Posted in depression, pms with tags , , , , , on February 3, 2019 by morgueticiaatoms

Things went from bad TO EVEN WORSE with psych nurse but I’ve been so hormonal and angry, feeling like it’s a fever burning me up inside, that I have avoided writing lest it prove to be an irrational rant of so much swear words and insults towards those I view as oppressing me. 4 days I’ve been on boil, tick tock, everything making me feel so mad, so betrayed, so helpless, so hopeless, so ready to just…end it all and get the fuck out of this shit show called my life. Today…the curse arrived and with it came sudden mental clarity. I am still very irritated by it all, mind you, but for the first time in almost two weeks, it doesn’t feel like a fever coursing through my veins, burning me alive. I feel objective. I feel a sense of clarity. I still have no answers and I am still plenty pissed off with the entire debacle they have forced upon me but…I’m no longer a hormonal livewire. The relief that came with waking up to this mental clarity for the first time in 2 weeks was immense.

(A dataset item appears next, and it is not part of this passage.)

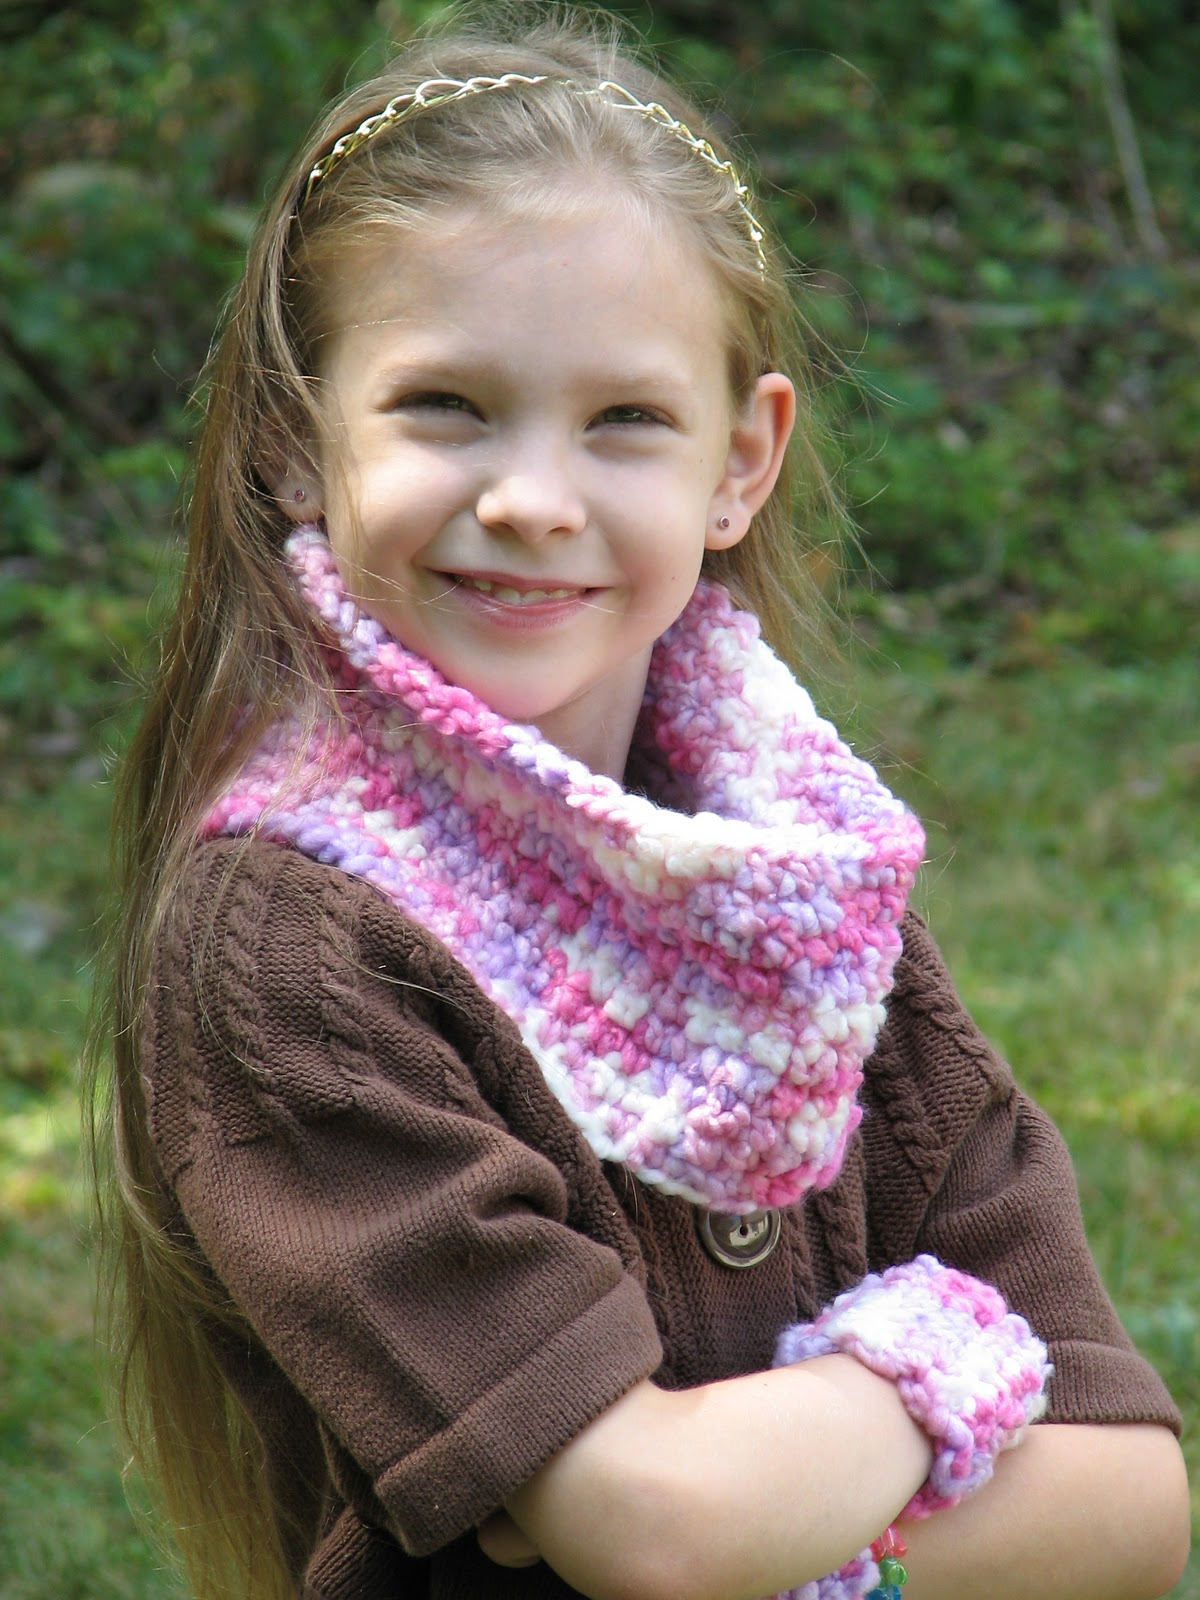 Crochet Cowl & Wristlets - Free Crochet Pattern - Ambassador Crochet

So..they lowered my Xanax again. Now the new office wide edict is no more than 0.5 twice a day for ALL patients. Of course, they blame the opiod crisis but that is bullshit. It boils down to a bunch of irresponsible doctors getting a bunch of people hooked on pills they never should have been given in the first place and those of us who need a medication for quality of life and have done NOTHING but use it responsibly get punished. I did not, however, have the luxury of truly going off on nurse doc M that day as for the second day of the polar vortex, my kid was again home from school so I had her in tow. I did not want her seeing me go ballistic in a hormonal rage so I plastered on my fake face and pretended to be irked when in fact, I was furious. This nurse did not even apologize for the confusion in no one returning my call. She is so clinically detached, she could be robot under the hair and skin, for all I can discern. No, it is not lost on me that I seem to find fault with psych nurses in general, but I’m two for two here. They spend more time clacking away on the computer keyboard than actually talking to me, listening, and asking questions about how I am feeling and managing. I don’t know how that isn’t supposed to make one depressed as well as angry.

I tried to engage this woman by mentioning a brain stimulator device I saw on line that is alleged to help far more with seasonal depression and anxiety than meds and therapy. She’d never heard of such a thing, in spite of it being approved by the FDA back in 1990, and apparently successful enough that Maine’s medicaid system covers it. I asked if we could raise my antihistamine to pick up the slack from coming off 3mg xanax down to 1mg for the entire day and she said she could increase it to three. I WAS ALREADY AT FOUR 25 MG PER DAY so that is a decrease. I called the pharmacy to explain it to me, they said she only approved a 2 week refill, then lowered my dose so I called the office to raise hell as it’s like she wasn’t even reading from my file. The psych office eventually called back but I haven’t had the guts to check the message they left on voice mail. It will probably make me so damn mad I’ll smash the phone with a hammer. (I did that once, to a smart phone my kid got so hooked on she wouldn’t even put it down to go pee, so I made her watch me smash it with a hammer. I’m a bloody monster, whatever.) But again, as I seethed inwardly and she made no mention of the issues I had spoken with her nurse about moments before the appt. I was more focused on not letting my kid see me have a meltdown of any sort, I feigned calm, cool, collected with a modicum of irritation.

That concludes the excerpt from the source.